The paper presents a comparison between the proposed DDCA method and other baseline algorithms developed to train robust CNNs on unseen data including high color variations. The algorithms performance is evaluated on the classification of histopathology patches, using Cohen’s κ-score58 as metric. Furthermore, the Wilcoxon Rank-Sum test59 is performed to verify that the difference in the performance reached by the methods is statistically significant, setting the statistical level of significance P at .05.
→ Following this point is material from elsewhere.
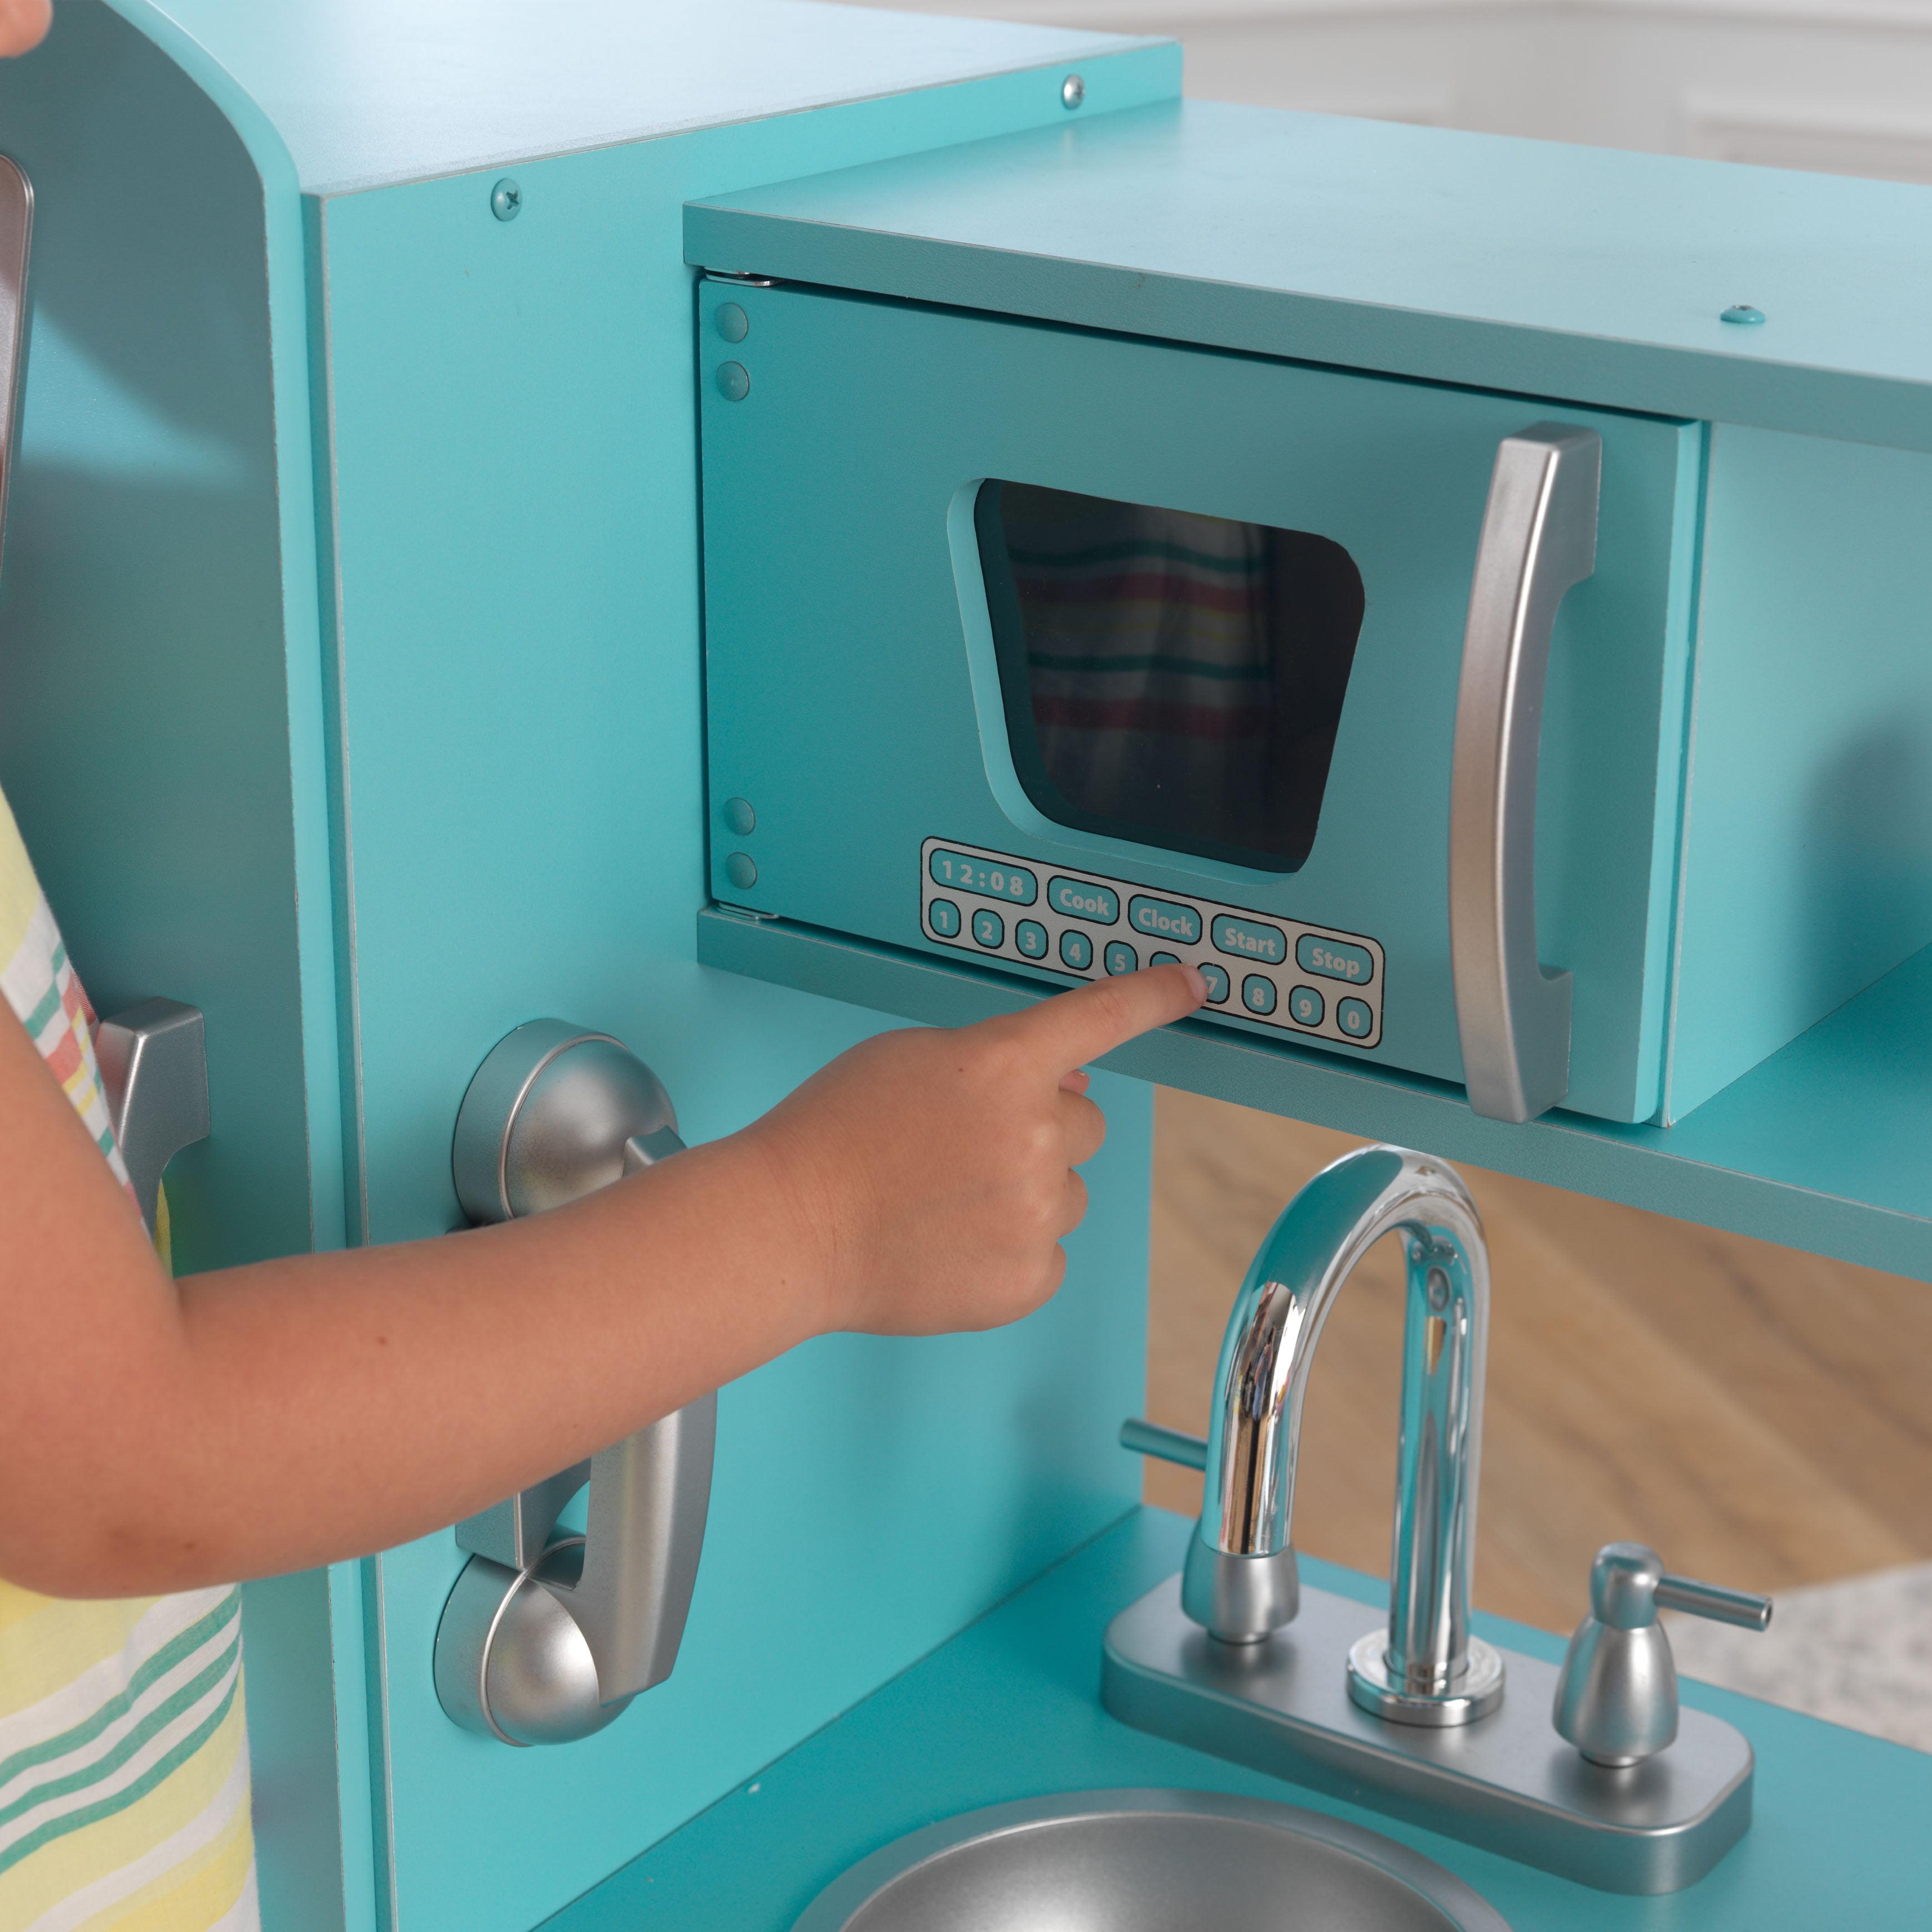 Kidkraft Retro Kitchen Blue kidkraft vintage play kitchen - blue - walmart

DDCA method is applied to HSC color augmentation (HSC DDCA), stain augmentation (Stain DDCA), and H&E-adversarial CNN methods (Data-driven HSC color augmentation and H&E-adversarial CNN). The algorithms chosen as baselines include: no strategy to handle color variability, grayscale normalization, color normalization, HSC color augmentation, stain augmentation, domain-adversarial CNNs, and H&E-invariant CNNs. Every algorithm is evaluated on the internal test partition (including unseen patches coming from the same sources used to train and validate the CNN), on the external test partition (including data coming from independent data sources than the ones used to train), and on the combination of both. The method including no strategy to handle color variability does not apply any color modification to input data. Grayscale normalization involves the transformation of input data (both during training and testing) to grayscale images, instead of RGB. Color normalization algorithms include Macenko et al.22 method, StainGAN,33 and StainNet32. Macenko et al. is a traditional approach to normalize color, while StainGAN and StainNet are based on deep learning GANs (Generative Adversarial Networks). For both the colon and prostate, the image used as a stain template is randomly selected. StainGAN and StainNet are both pre-trained to normalize images among different domains (in this case, only 2 domains). HSC color augmentation algorithm3,29 involves the perturbation of input data modifying the contrast, saturation, and hue of input images. Two setups are presented: in the first one, the parameters related to the perturbations are tuned to have meaningful color variations (Tuned HSC color augmentation), while in the second one, strong perturbations are applied (Strong HSC color augmentation).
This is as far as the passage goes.